▶ [WHAT YOU WILL DO]: Copy the lines running from the one that contains "pablocaminante pigmentos bogolan" to the end of the entries below, exactly and with no pictures.

....

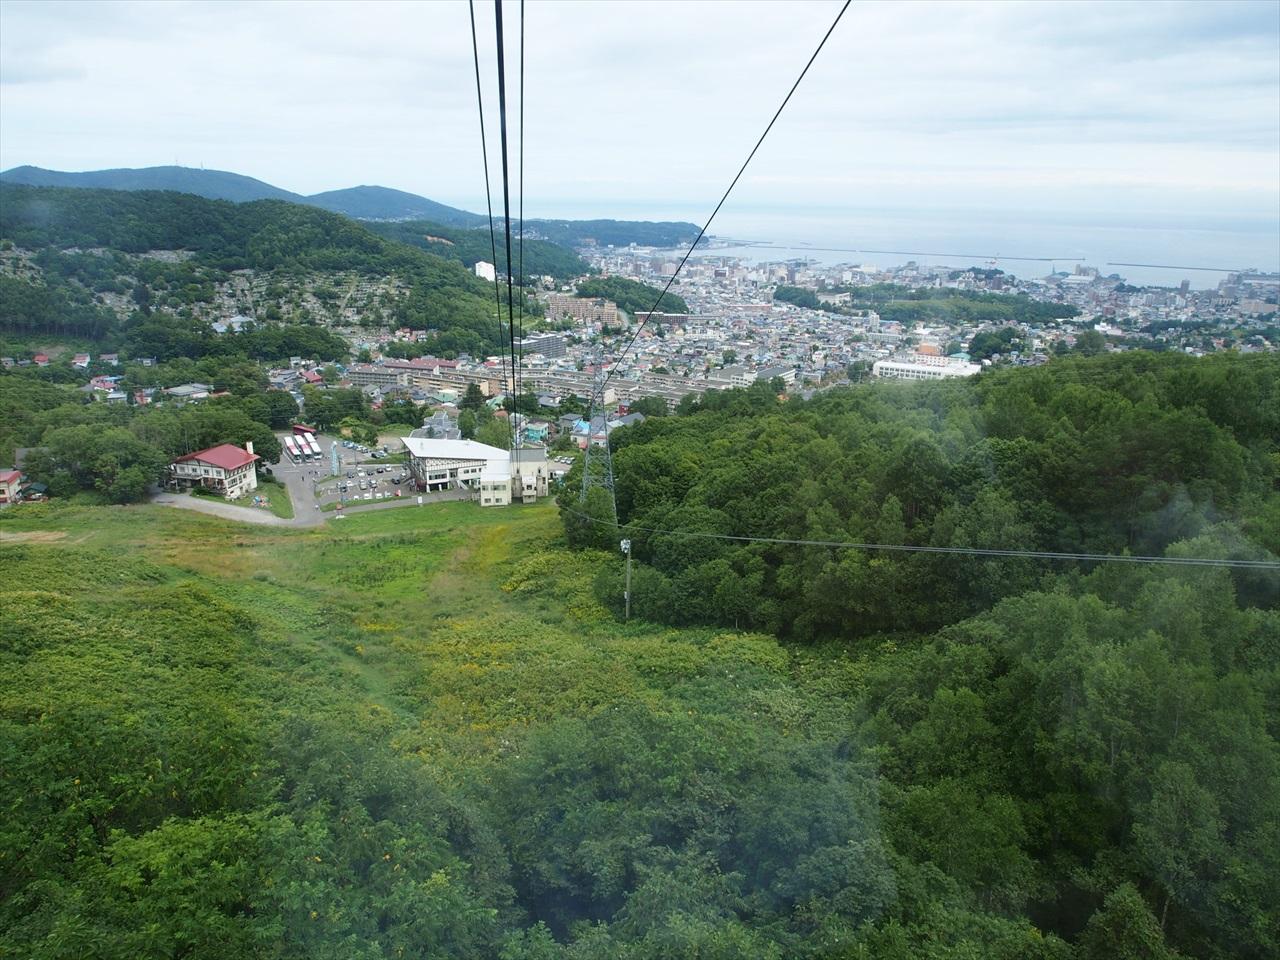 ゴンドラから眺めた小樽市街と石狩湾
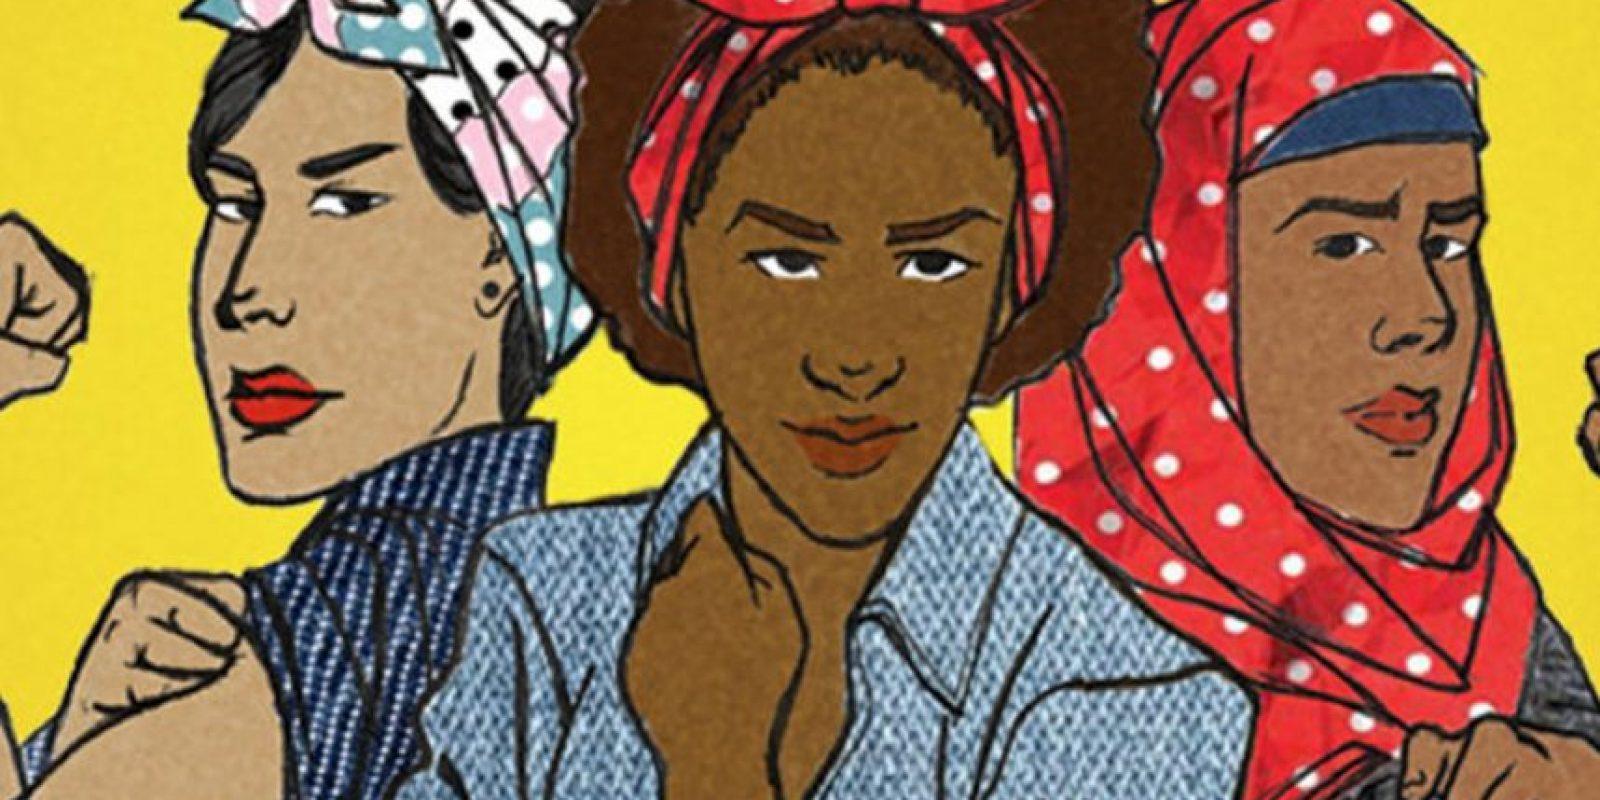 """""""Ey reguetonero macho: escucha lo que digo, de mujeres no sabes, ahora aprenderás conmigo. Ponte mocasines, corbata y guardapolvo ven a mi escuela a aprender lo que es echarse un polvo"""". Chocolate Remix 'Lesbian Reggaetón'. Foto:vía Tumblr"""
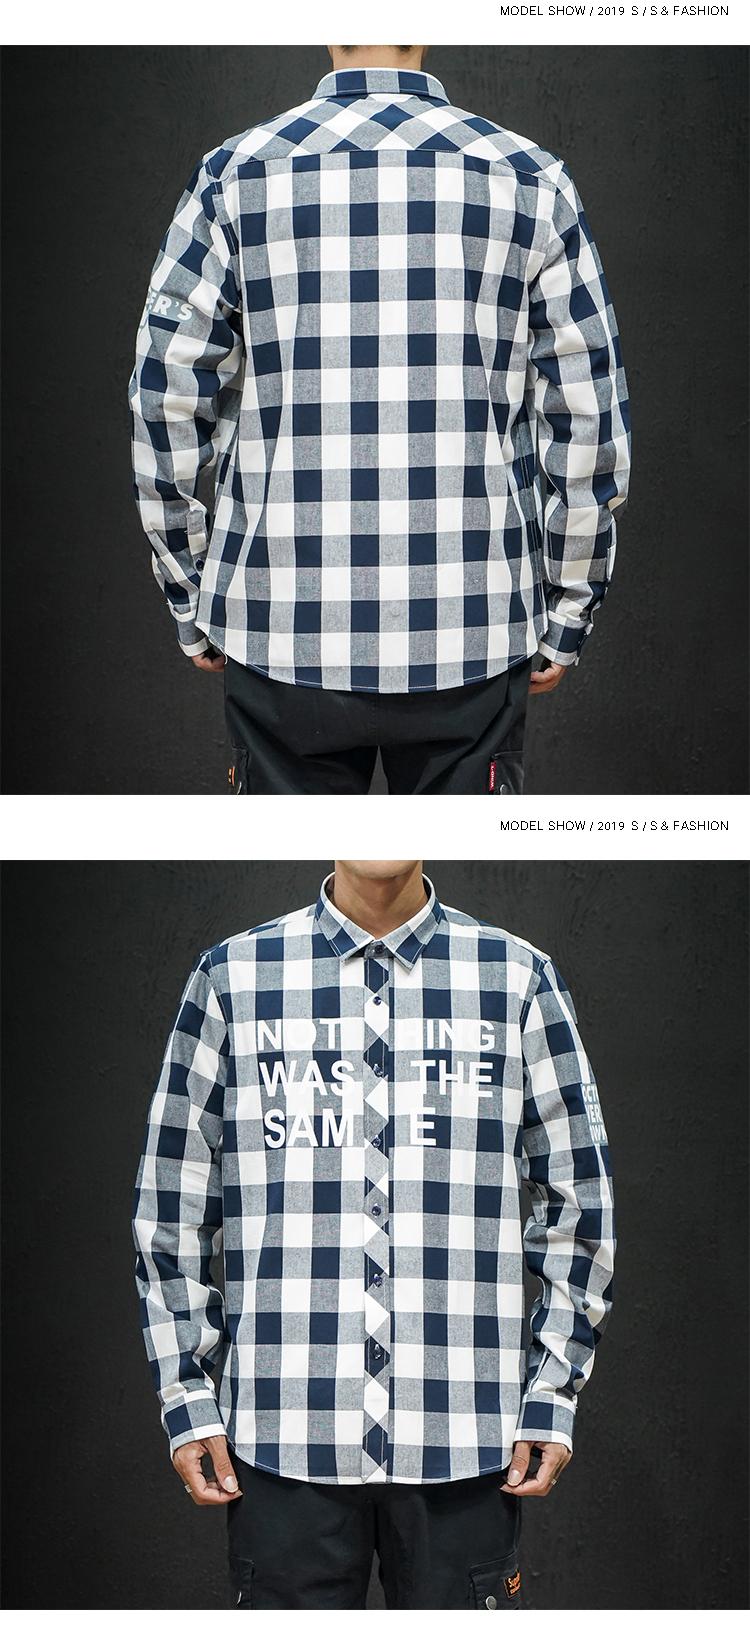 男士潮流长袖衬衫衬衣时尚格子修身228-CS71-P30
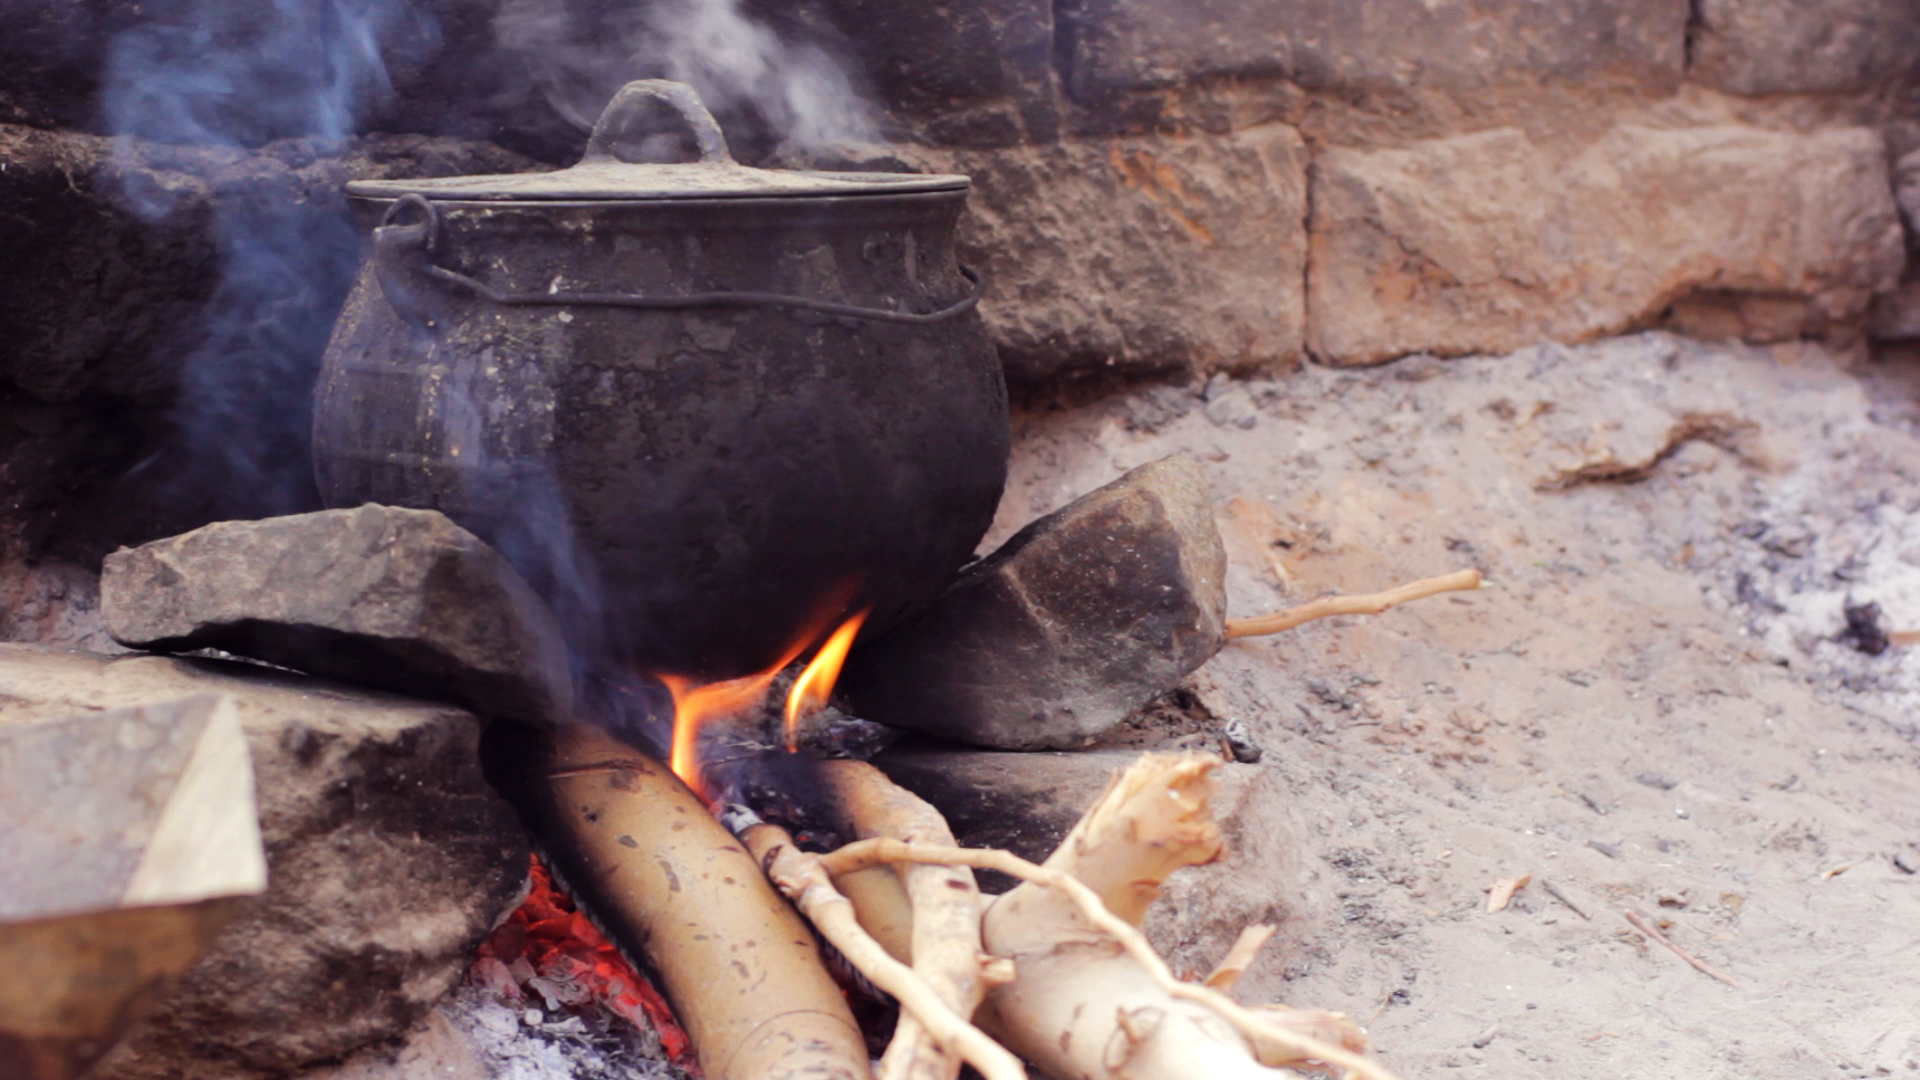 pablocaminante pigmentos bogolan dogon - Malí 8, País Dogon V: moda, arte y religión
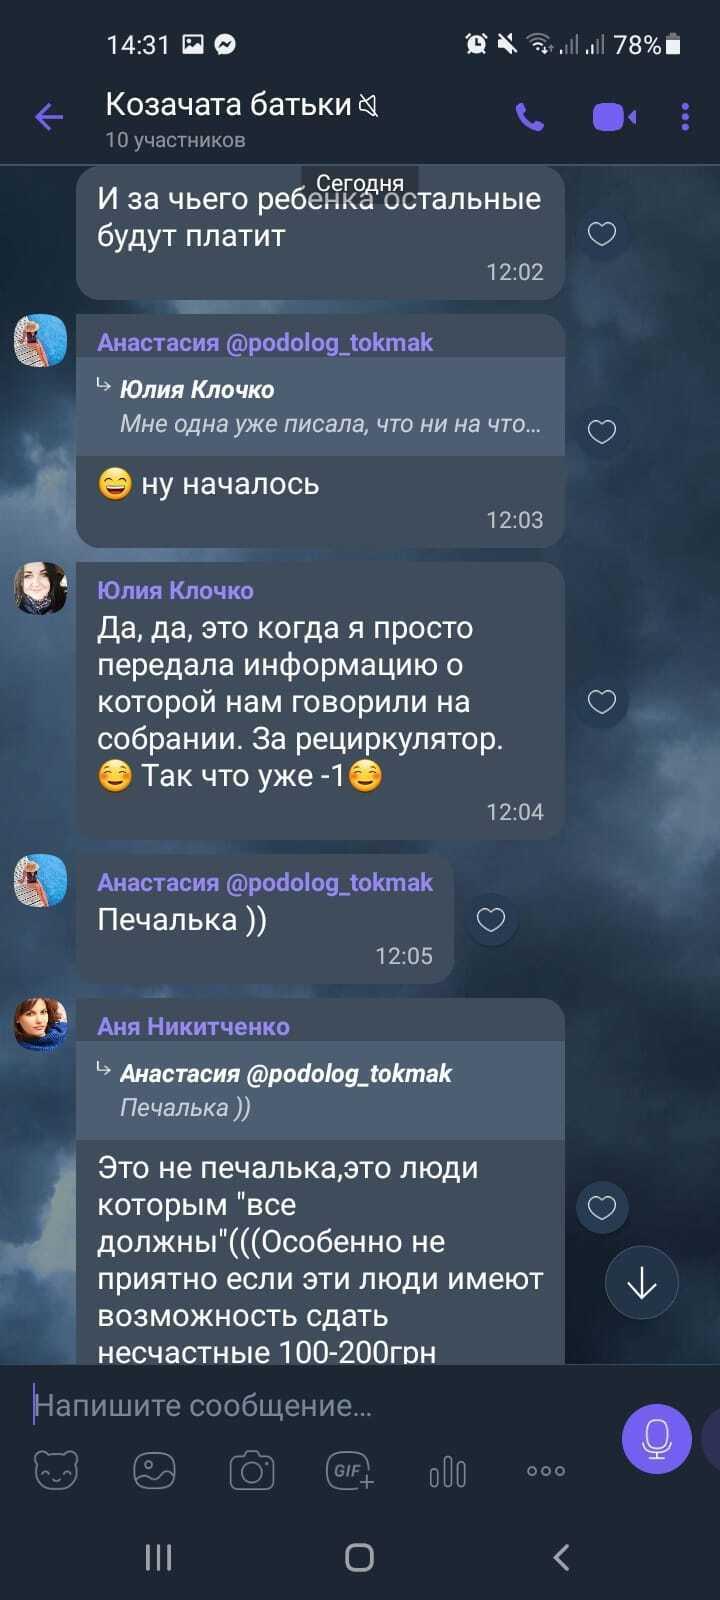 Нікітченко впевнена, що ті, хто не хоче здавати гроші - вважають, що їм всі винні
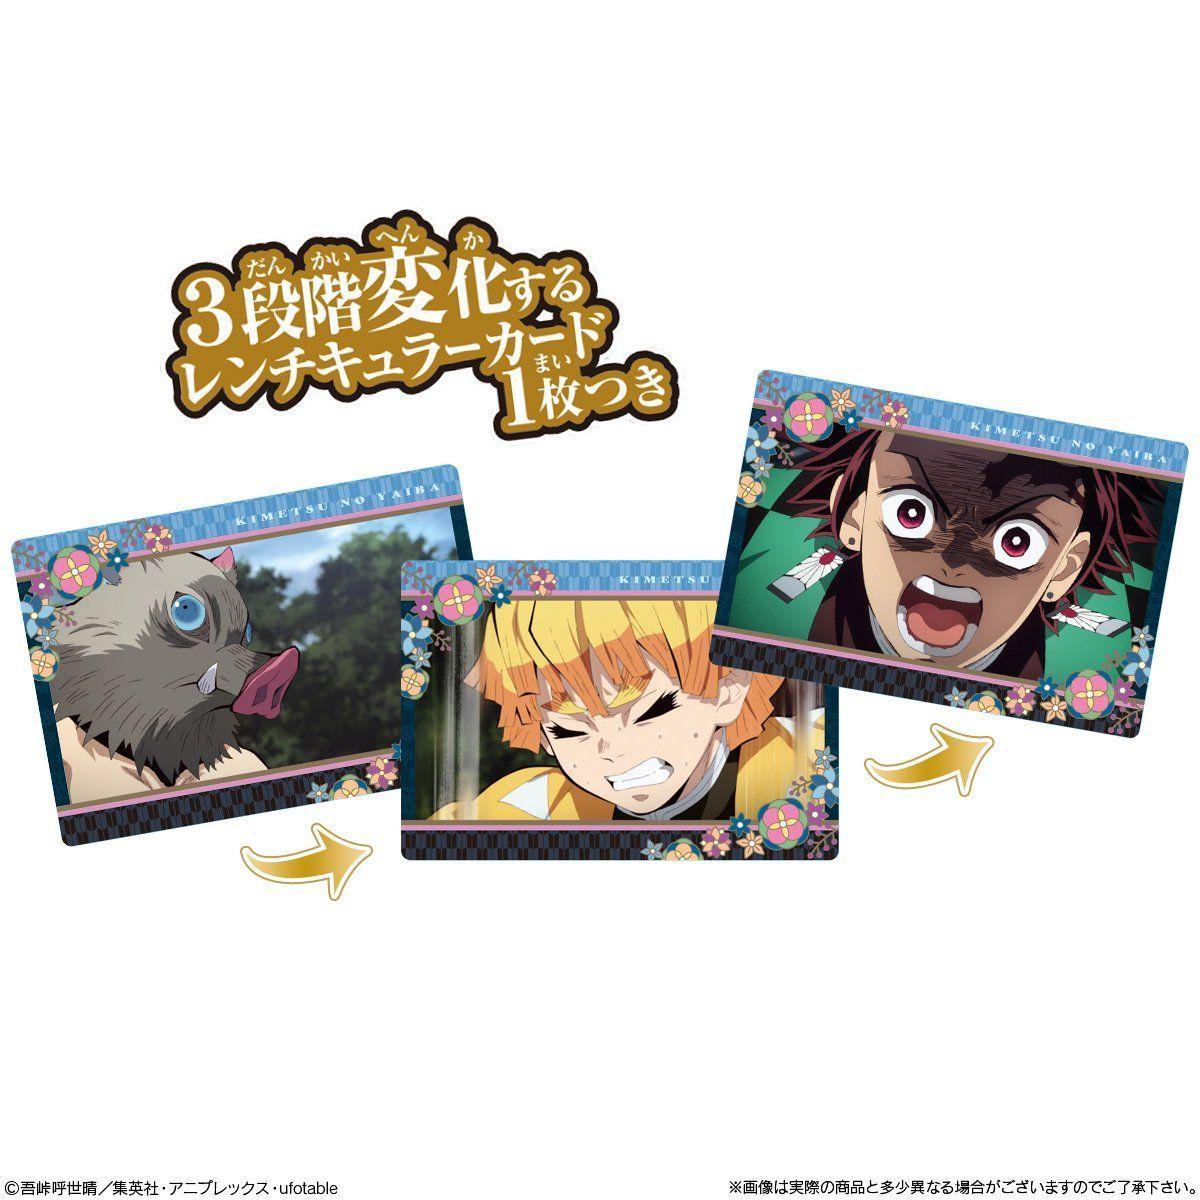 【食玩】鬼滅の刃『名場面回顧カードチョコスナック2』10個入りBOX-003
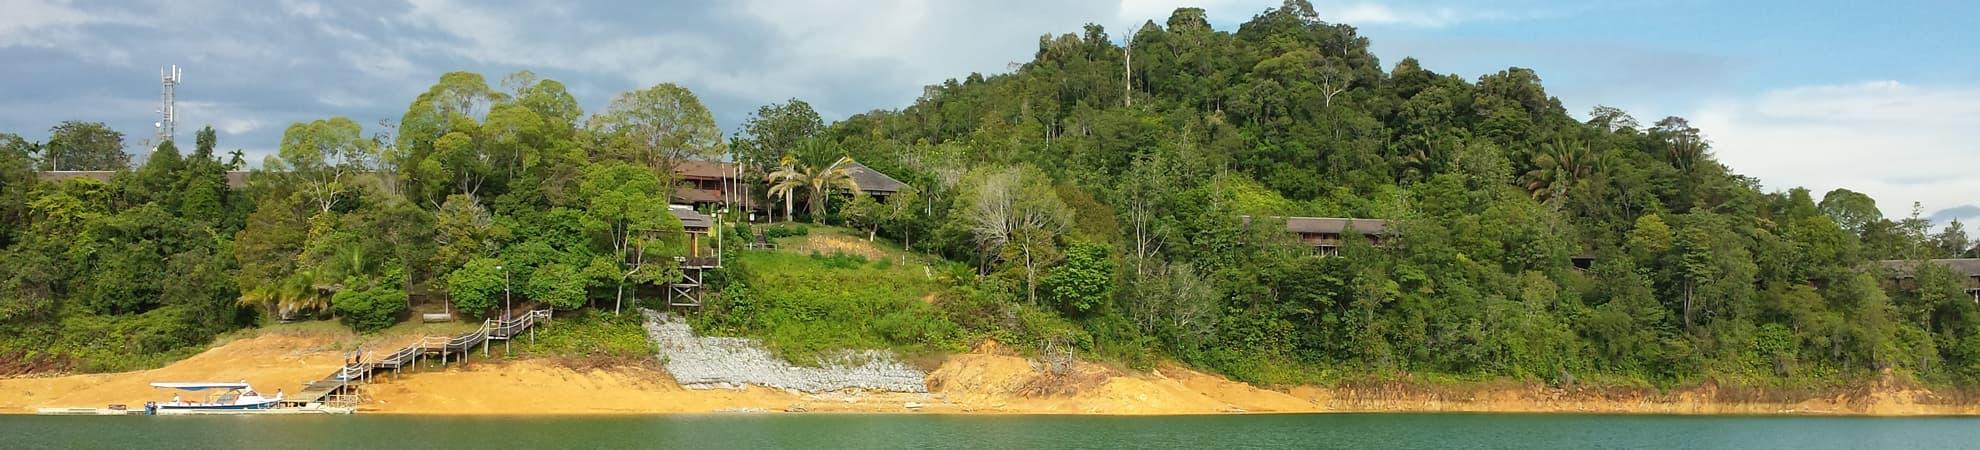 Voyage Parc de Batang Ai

....

▶ [ANSWER SECTION]:
 pablocaminante pigmentos bogolan dogon - Malí 8, País Dogon V: moda, arte y religión
 Нікітченко впевнена, що ті, хто не хоче здавати гроші - вважають, що їм всі винні
 【食玩】鬼滅の刃『名場面回顧カードチョコスナック2』10個入りBOX-003
 Voyage Parc de Batang Ai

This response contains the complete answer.